Norma questa utile ad omnem dubium tollendum, ma che forse non era indispensabile, dal momento in cui non può configurarsi un danno da un’azione definita “lecita” in sede penale. L’accertamento della legittima difesa, anche meramente putativa, va compiuto attraverso una ricostruzione dell’atteggiamento dell’aggredito nel concreto. Esso va effettuato - per poter ammettere la scriminante in discorso - con una valutazione ex ante circa le circostanze in cui la vittima si è trovata a dover reagire nell’immediato, e non ex post in base a degli schemi precostituiti circa la proporzionalità e la necessità difensiva, decontestualizzati dalla realtà dell’evento.

Nel promulgare la legge in parola il 26 aprile 2019, il presidente Mattarella ha non casualmente voluto sottolineare che “la nuova normativa non indebolisce né attenua la primaria ed esclusiva responsabilità dello Stato nella tutela della incolumità e della sicurezza dei cittadini, esercitata e assicurata attraverso l’azione generosa ed efficace delle Forze di Polizia.”

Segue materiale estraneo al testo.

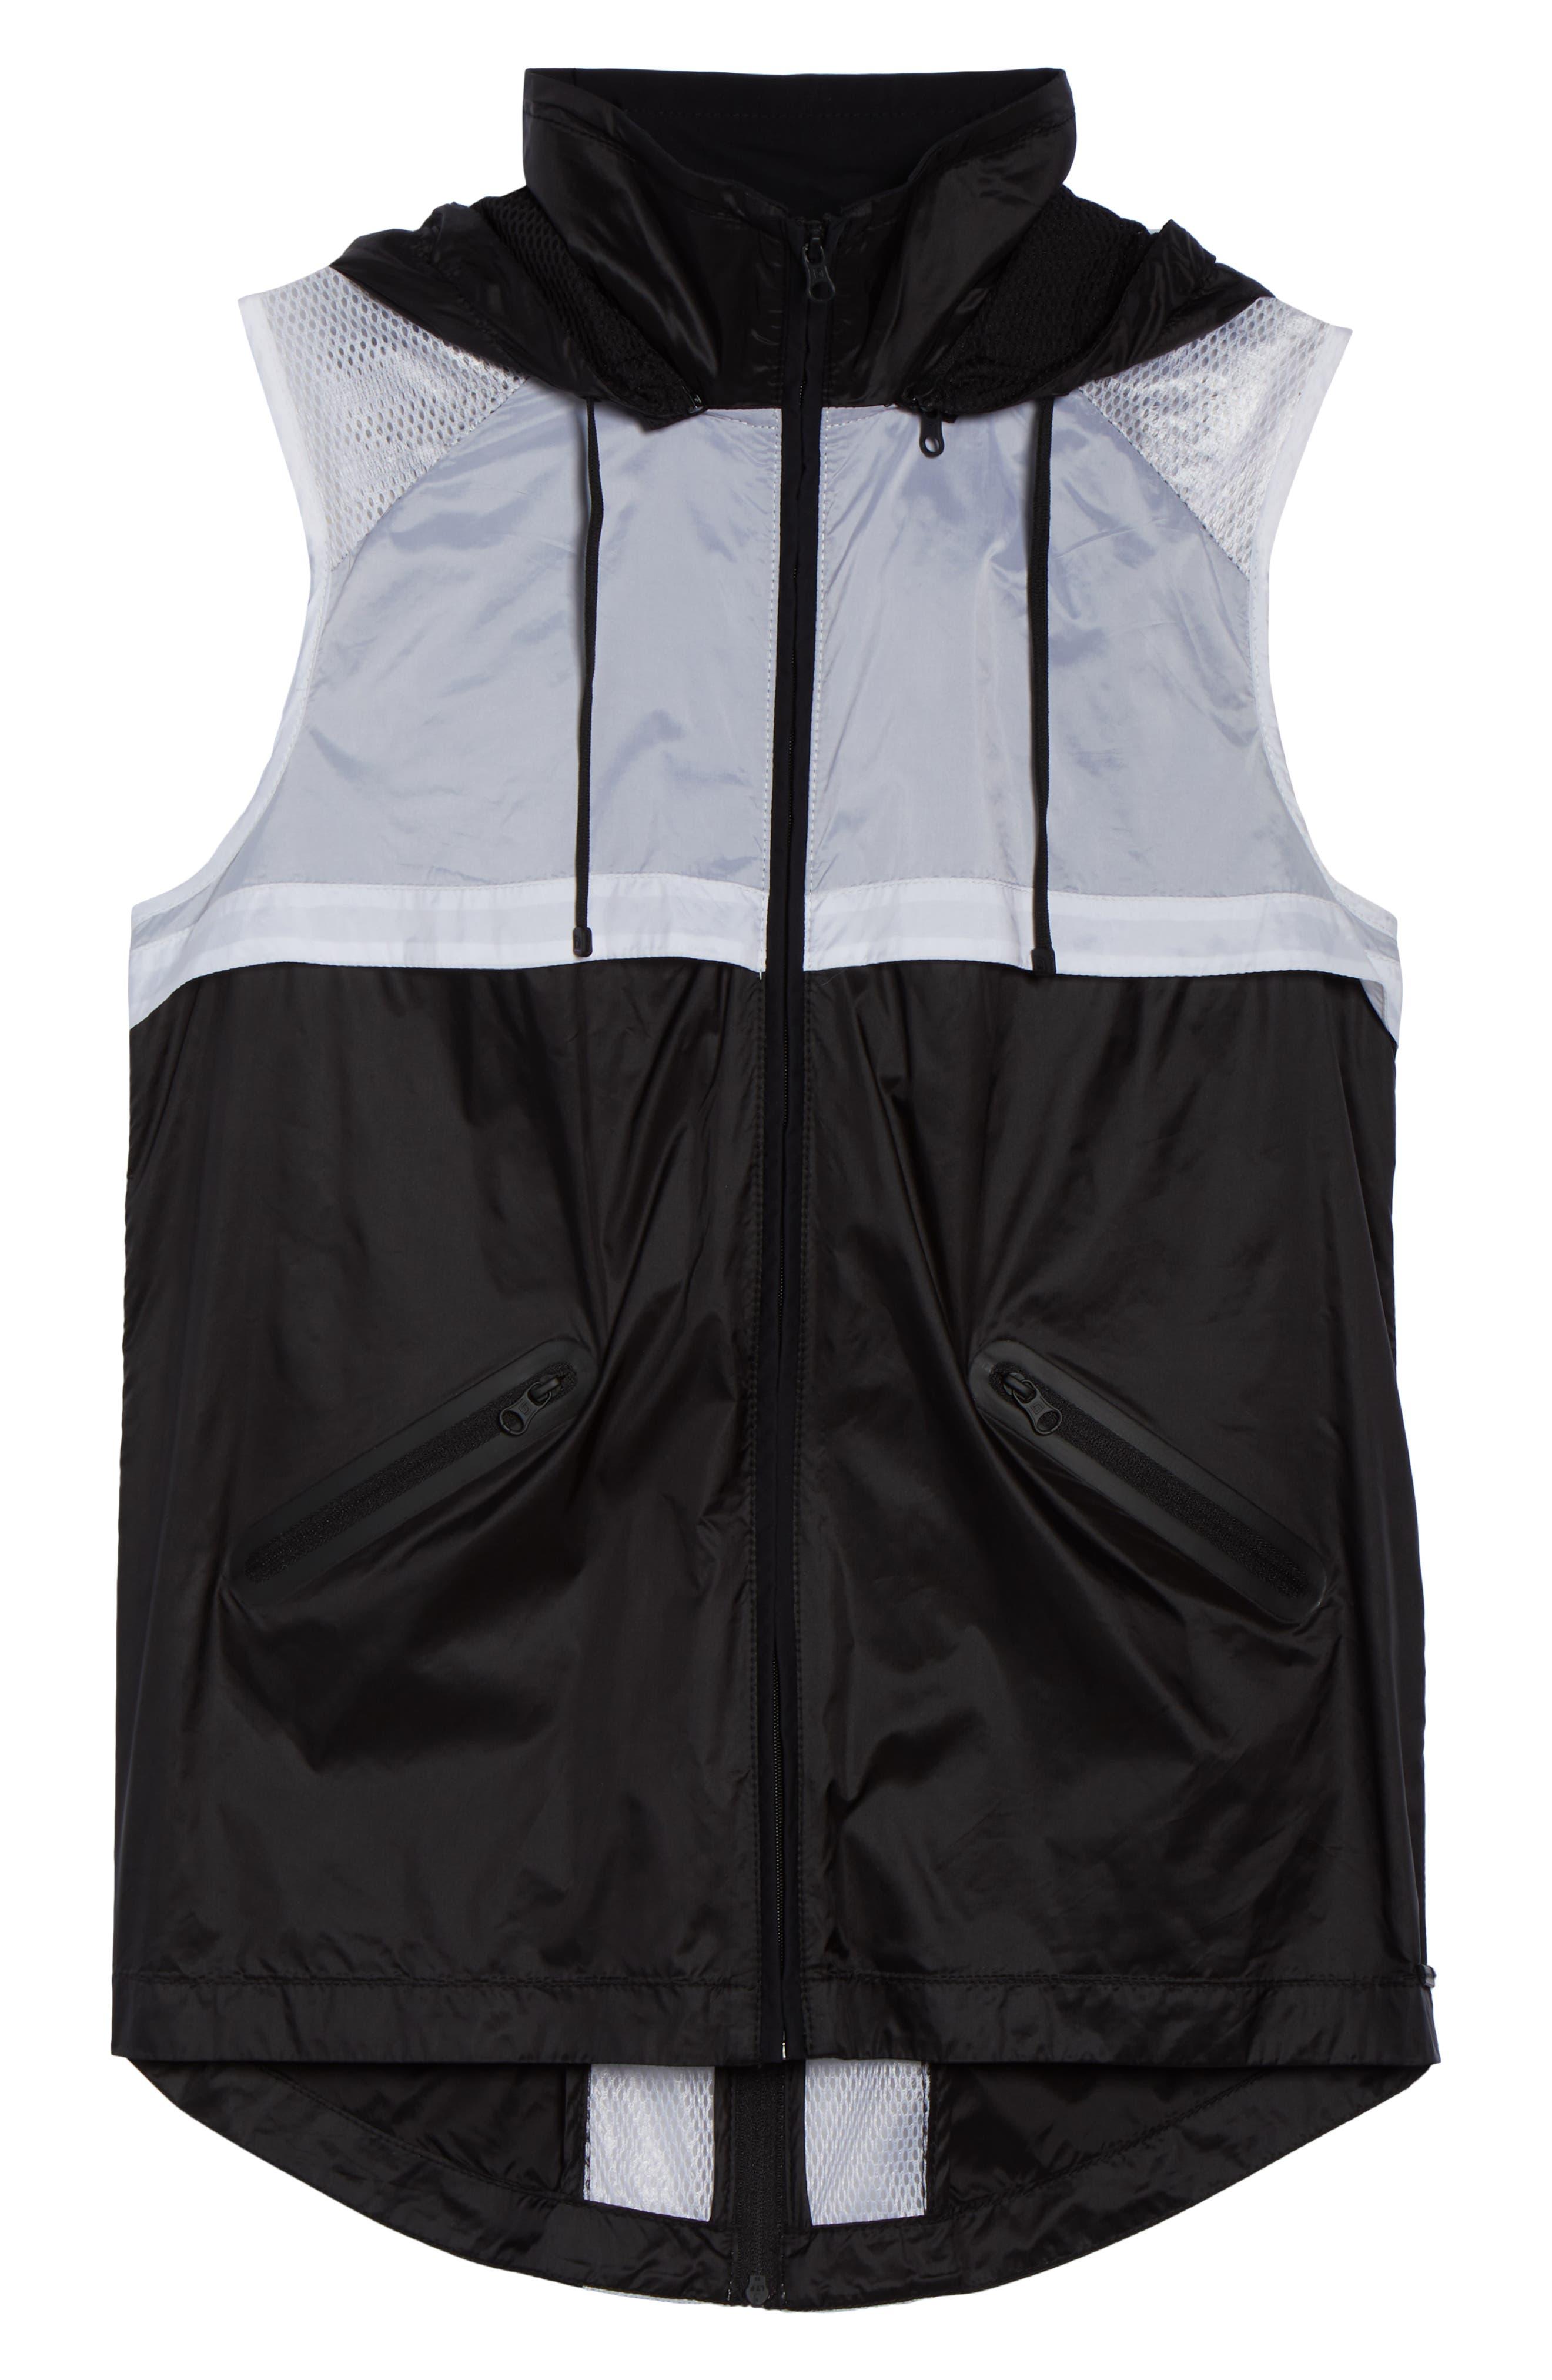 Moonlight Vest,                             Alternate thumbnail 7, color,                             Black

La novità  – ha proseguito -  è data dal rilievo decisivo assunto dallo allo stato di grave turbamento derivante dalla situazione di pericolo in atto, oggettivamente determinato dalla situazione in cui si è venuto a manifestare. Un’anomalia  testuale rilevata dal Presidente è che, mentre nella legittima difesa “domiciliare” le spese del giudizio per le persone interessate siano poste a carico dello Stato, analoga previsione non è contemplata per le ipotesi di legittima difesa in luoghi diversi dal domicilio.

La pregnante puntualizzazione del Presidente della Repubblica nel ribadire il ruolo fondamentale delle Forze dell’Ordine per tutelare l’incolumità e la sicurezza della collettività, appare vieppiù illuminante per ricordare le condizioni dell’ideale patto sociale che lega i cittadini con lo Stato, essendo i primi tenuti a pagare le tasse, ed il secondo a garantirne con le Forze Armate la difesa da aggressioni esterne, e con quelle di polizia nelle sue varie articolazioni (Carabinieri, Polizia di Stato e Guardia di Finanza), a salvaguardarne l’incolumità personale e patrimoniale da aggressioni criminali .

Il ridare fiducia e poteri alle Forze dell’Ordine sarà giovevole per la civiltà della Nazione tutta, nella consapevolezza che non può esservi durevole libertà lasciando impunito il crimine e – peggio ancora - criminalizzando coloro che rischiano la vita senza aspettarsi nemmeno un “grazie”. Ma neppure di finire sotto processo.

Solo allora sarà possibile una riflessione non emergenziale sulla perdurante necessità o meno che sia il singolo cittadino a doversi difendere senza per questo essere perseguito; oppure che vengano pienamente restituiti ai Tutori dell’Ordine quei poteri preventivi, dissuasivi e repressivi della criminalità, senza i quali poteri la stessa parola di “Tutori dell’Ordine” rischierebbe di apparire un guscio vuoto.